Bupati Garut dalam hal ini meminta kepada para penyalur pupuk untuk tidak mempersulit petani mendapatkan pupuk subsidi.
Selain itu para penyalur juga diminta supaya tidak bermain curang dengan menjual dibatas harga eceran tertinggi (HET).
Hal itu menjadi bagian dalam visi misi Bupati Garut agar masyarakat khusuanya petani tidak sulit memperoleh pupuk bersubsidi.
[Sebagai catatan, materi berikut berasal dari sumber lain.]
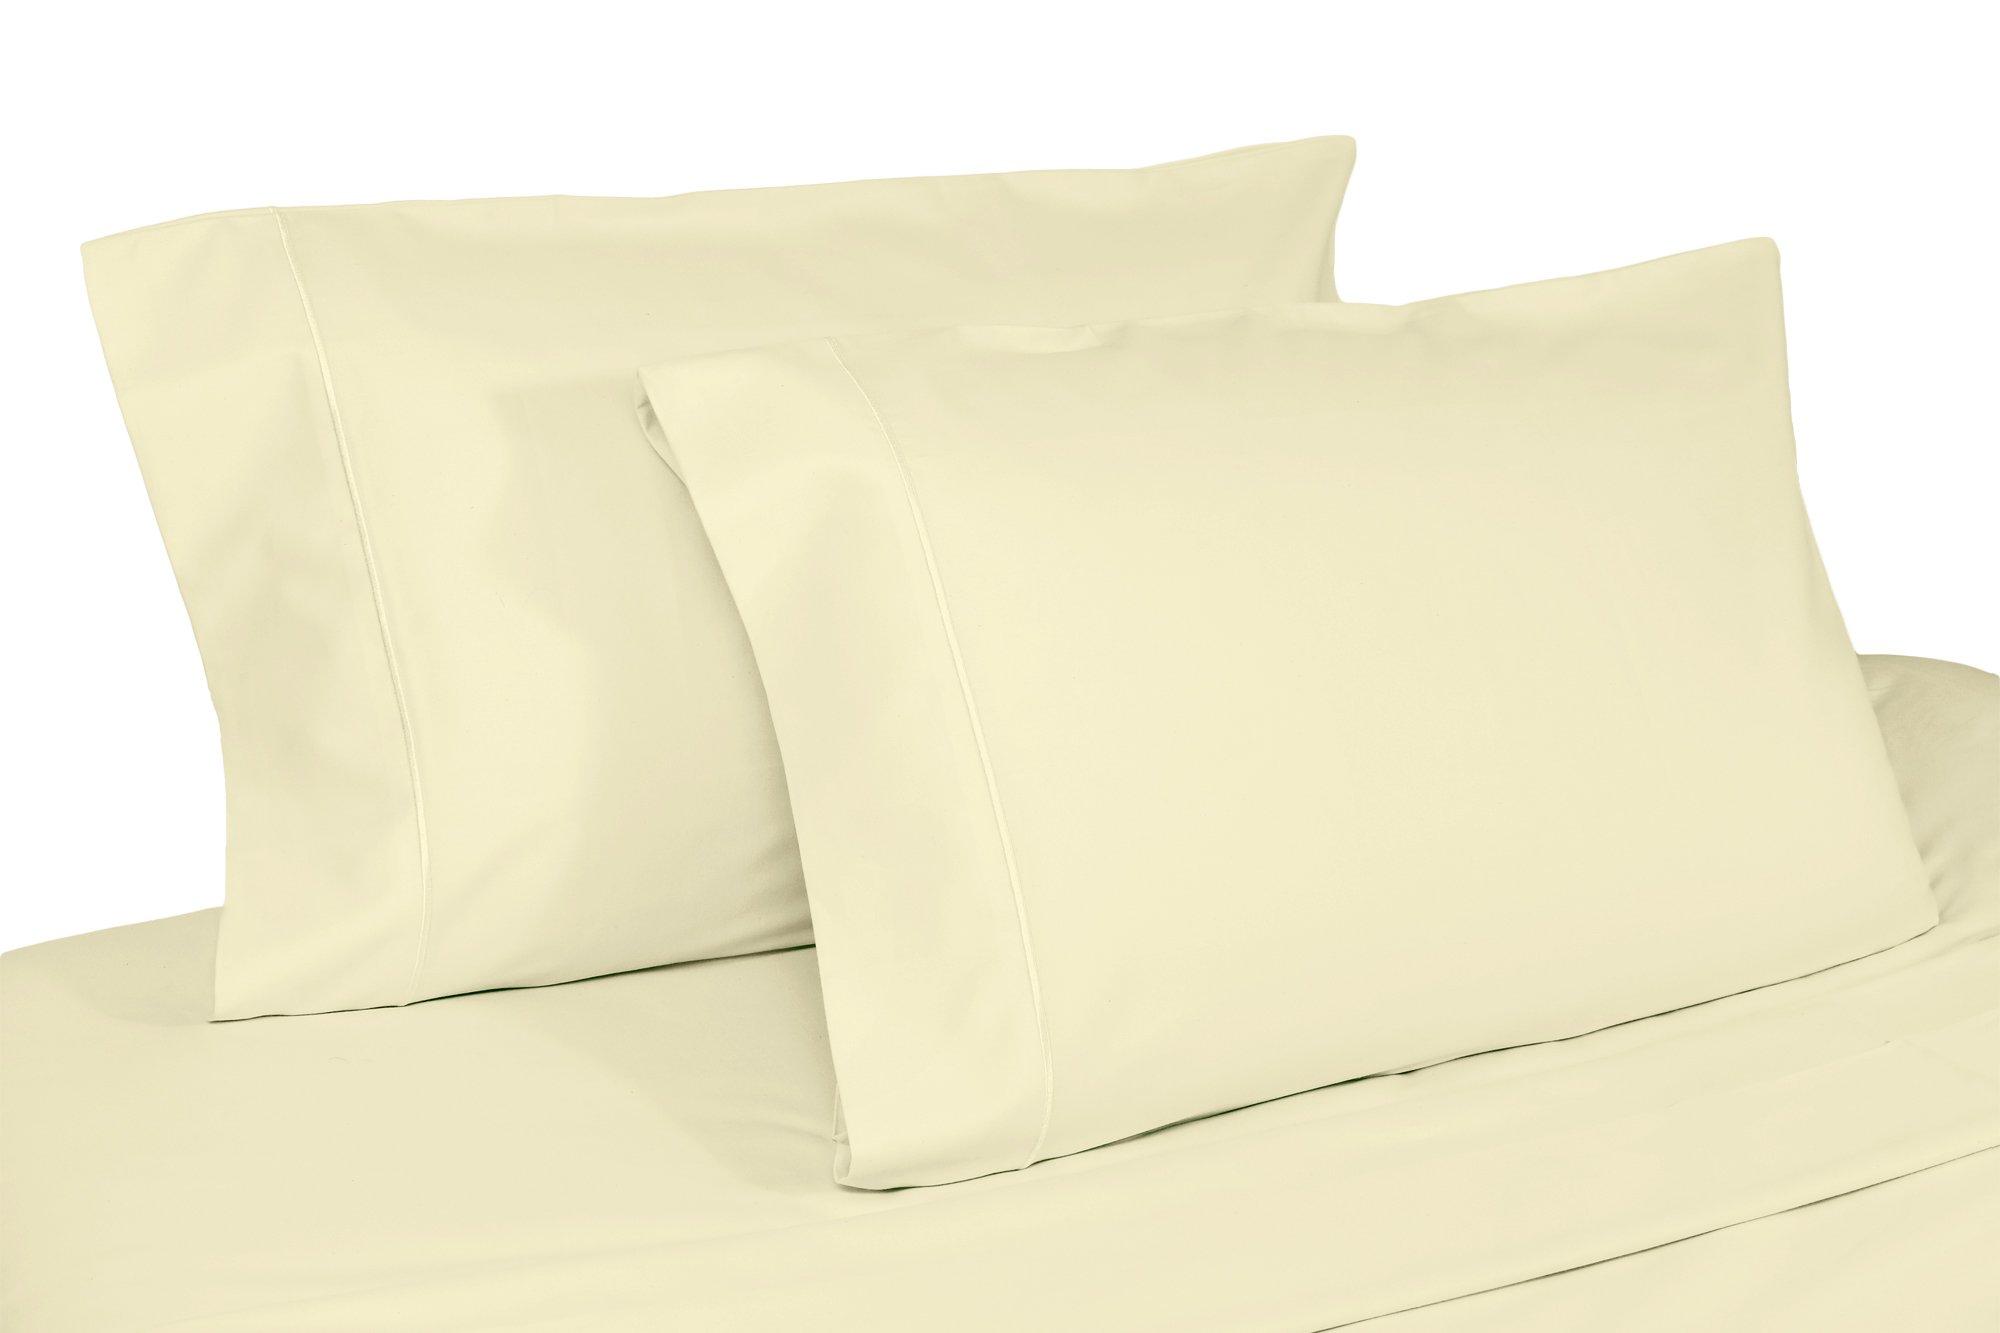 Whisper Organics Organic Cotton Pillow Case Set GOTS Certified, 400 Thread Count, Sateen (Standard, Natural)

Dengan tujuan utamanya mendukung program ketahanan pangan nasional.
Koko menyebut langkah Bupati Syakur sebagai bentuk kepedulian nyata terhadap para petani, pelaku usaha distribusi pupuk (PUD), serta PPTS.
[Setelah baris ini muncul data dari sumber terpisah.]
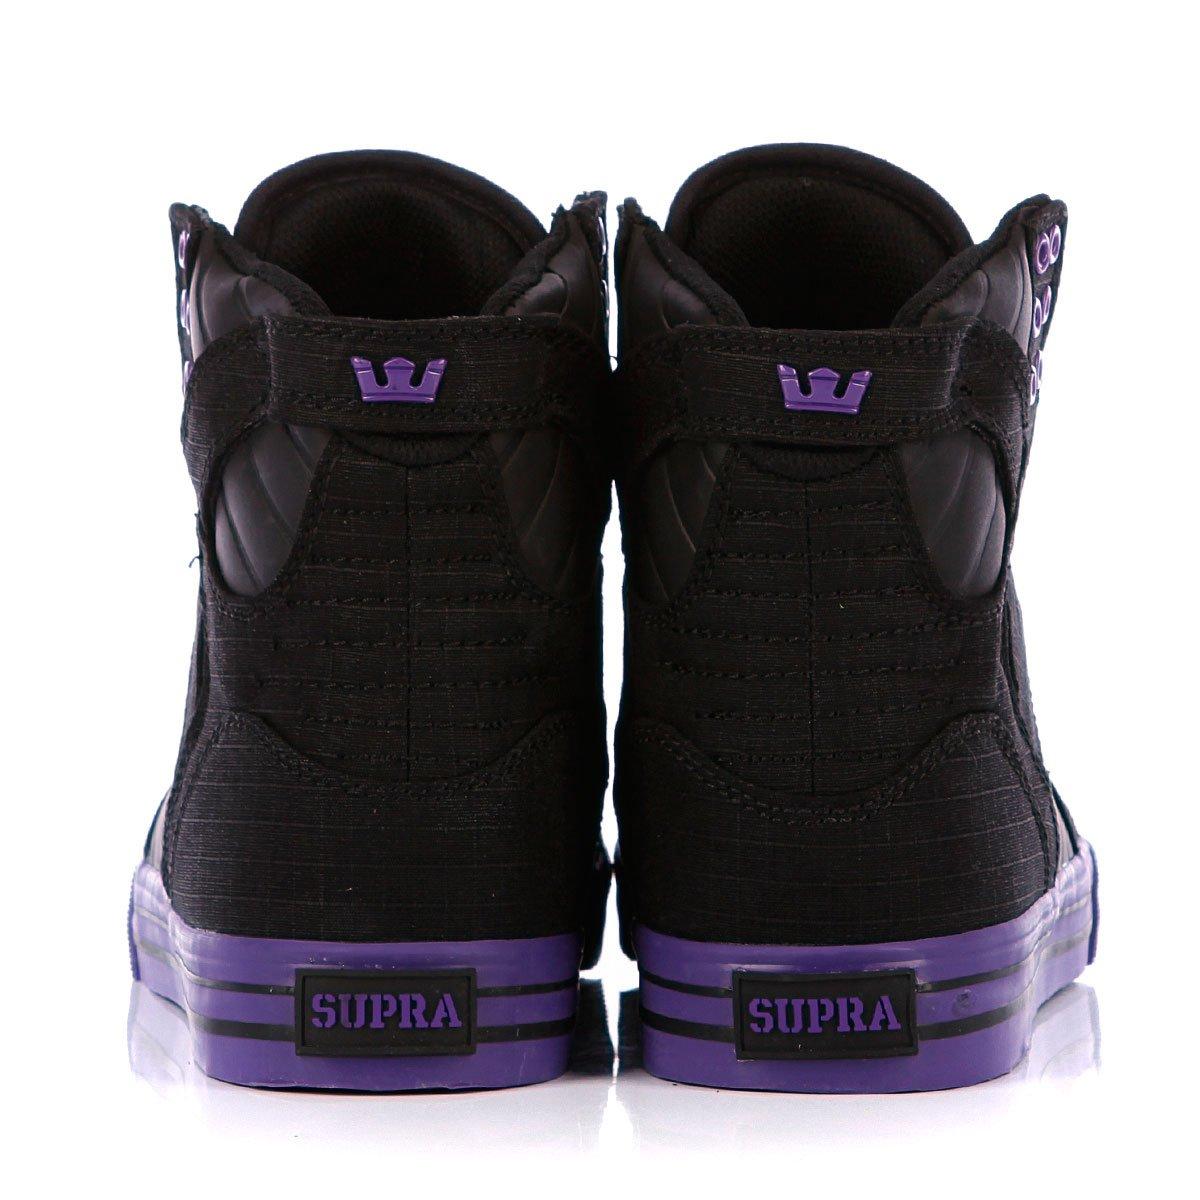 20c0412751c8 Купить кеды высокие Supra Skytop Black Purple Purple в интернет ...

“ Alhamdulillah sangat luar biasa pak Bupati Garut, sangat peduli dengan petani Garut, PUD dan PPTS. buktinya adalah dia pada hari ini mengumpulkan semua stakeholder termasuk pata PPTS untuk mengimplementasikan kepedulian kepada petani dan kepada pengusaha dalam mewujudkan Garut hebat, terutama mewujudkan pangan di Kabupaten Garut,” ujarmya.
Koko menegaskan bahwa Presiden telah mengamanatkan agar seluruh petani mendapatkan akses pupuk subsidi dengan mudah dan tidak dipersulit, selama mereka benar-benar petani aktif dan menggunakan pupuk di lahan pertaniannya.
“ Amanat Presiden harus diakomodir apalagi benar-benar itu petani dan dia mau mengimplementasikan pupuknya pada area pertaniannya,” ujarnya.
Terkait penggunaan kartu tani, Koko menekankan bahwa petani yang belum memiliki kartu tani tetap wajib dilayani dan tidak boleh ditolak.
Saat ini, kata Koko, pemerintah tengah melakukan perbaikan data dalam RDKK (Rencana Definitif Kebutuhan Kelompok) untuk memperbarui data petani yang belum terdaftar agar mereka bisa mendapatkan alokasi pupuk subsidi.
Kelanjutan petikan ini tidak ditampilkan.